I started using RabbitMQ as a backing queue for work that involved gathering and processing data from other websites and APIs.
Sometimes these tasks might fail intermittently, like a worker being unable to access a resource because of random network issues. In this case, I wanted to requeue the job at a later time, multiple times if necessary, using exponential backoff as a basis for each delay.
Luckily, one of the tools available to RabbitMQ users is controlling the Time-To-Live of messages. This can be done at the level of a queue or of individual messages.
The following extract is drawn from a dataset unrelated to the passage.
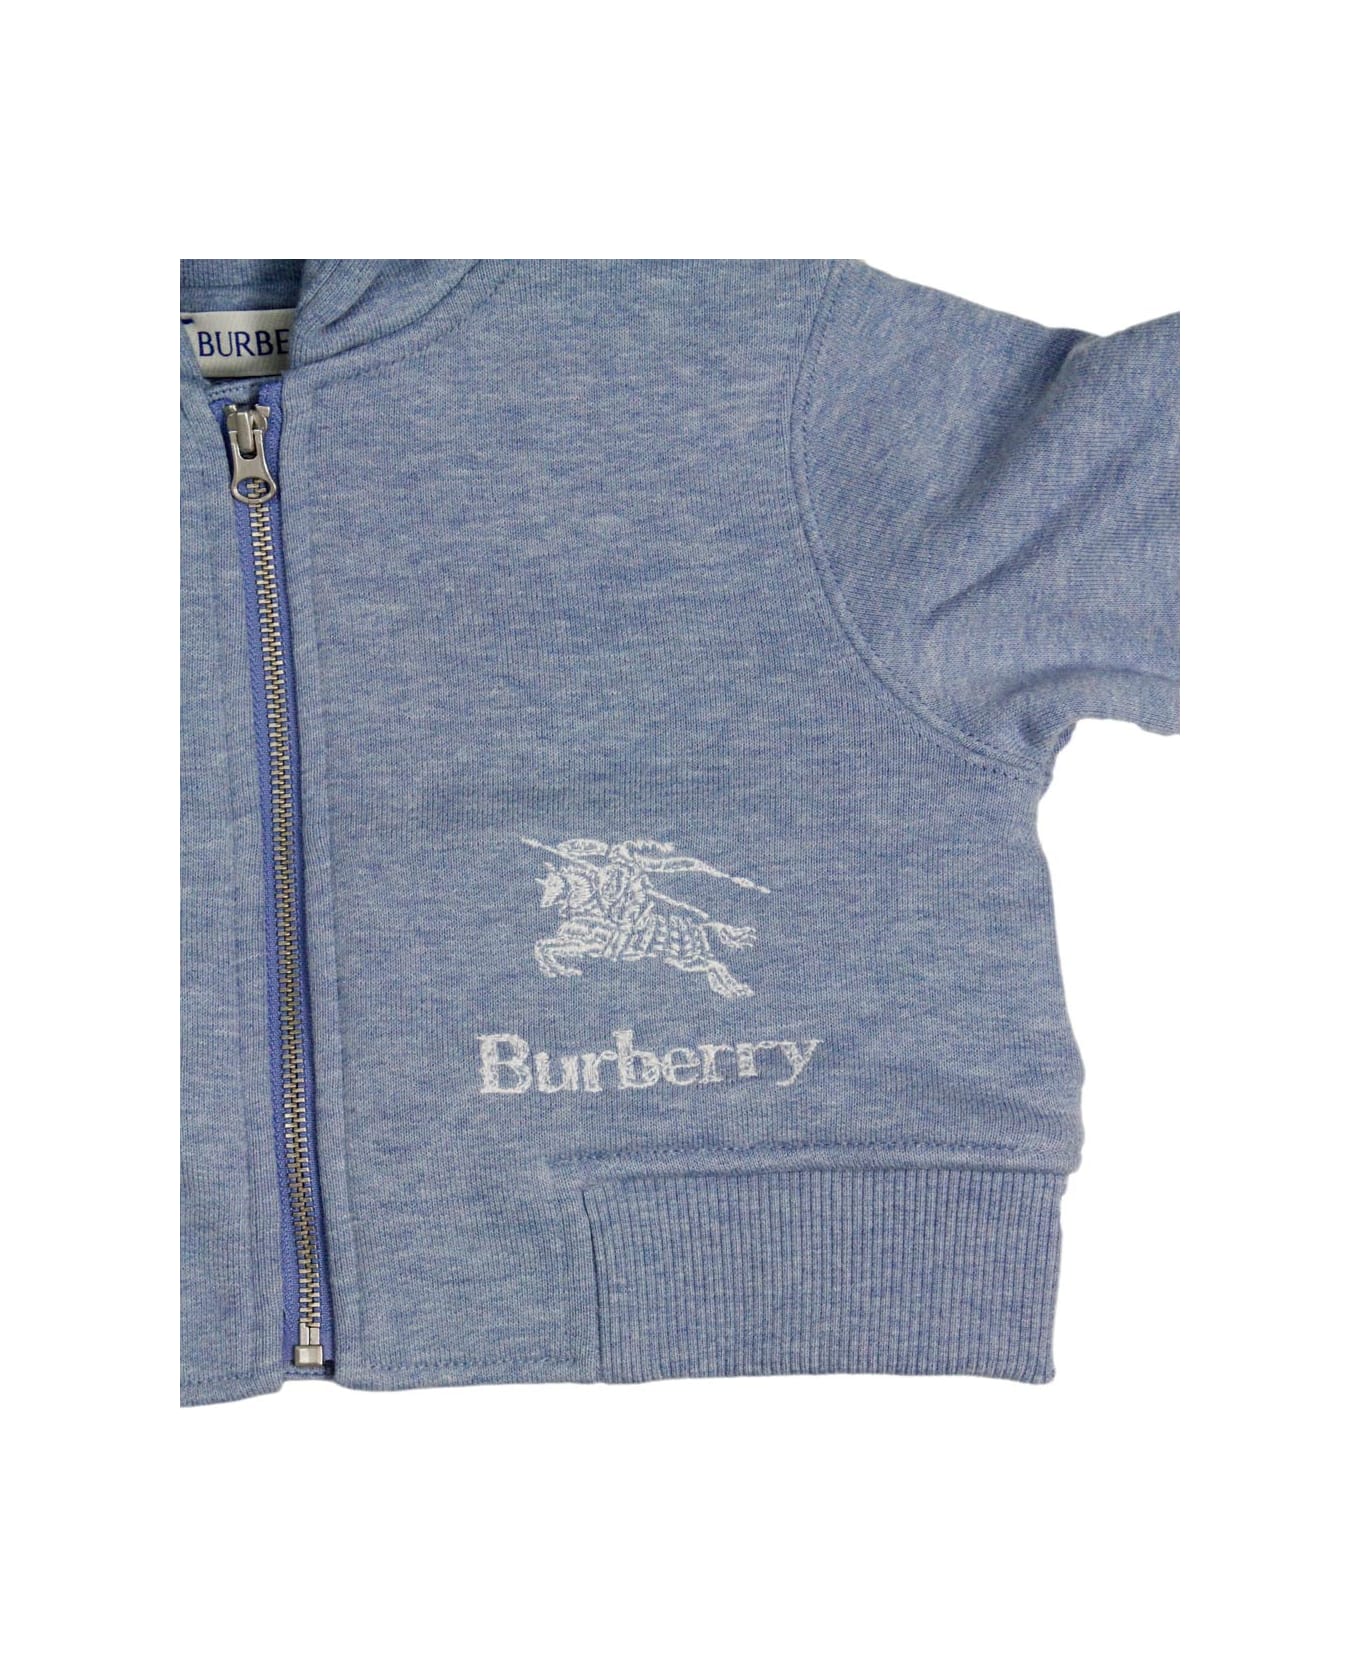 Burberry Full Zip Hooded Sweatshirt With Long Sleeves In Fine Cotton With Logo On The Front - Light Blu ニットウェア＆スウェットシャツ

So I thought I’d just keep track of failure counts in each message, calculate and set message TTL in my producer code, and chuck all the messages into a single queue dedicated to things needing to be retried. This queue would also have its Dead Letter Exchange set, so that expiring messages would be routed accordingly.
There was an issue with this approach though, one that I caught while running a test batch of jobs with random failures.
The messages were not flowing out of the retry queue and into the exchange how I had expected them to. There were starts and stops. Searching around, I found the answer right on the same TTL page, under “Caveats”:
When setting per-message TTL expired messages can queue up behind non-expired ones until the latter are consumed or expired.
The solution is just a bit more complicated. Rather than having one queue with all messages of varying TTL, you create queues with each possible TTL, and route your retrying jobs accordingly.
Running the test again, I found that this solution requeued failed jobs as expected, without the starts and stops of the previous attempt.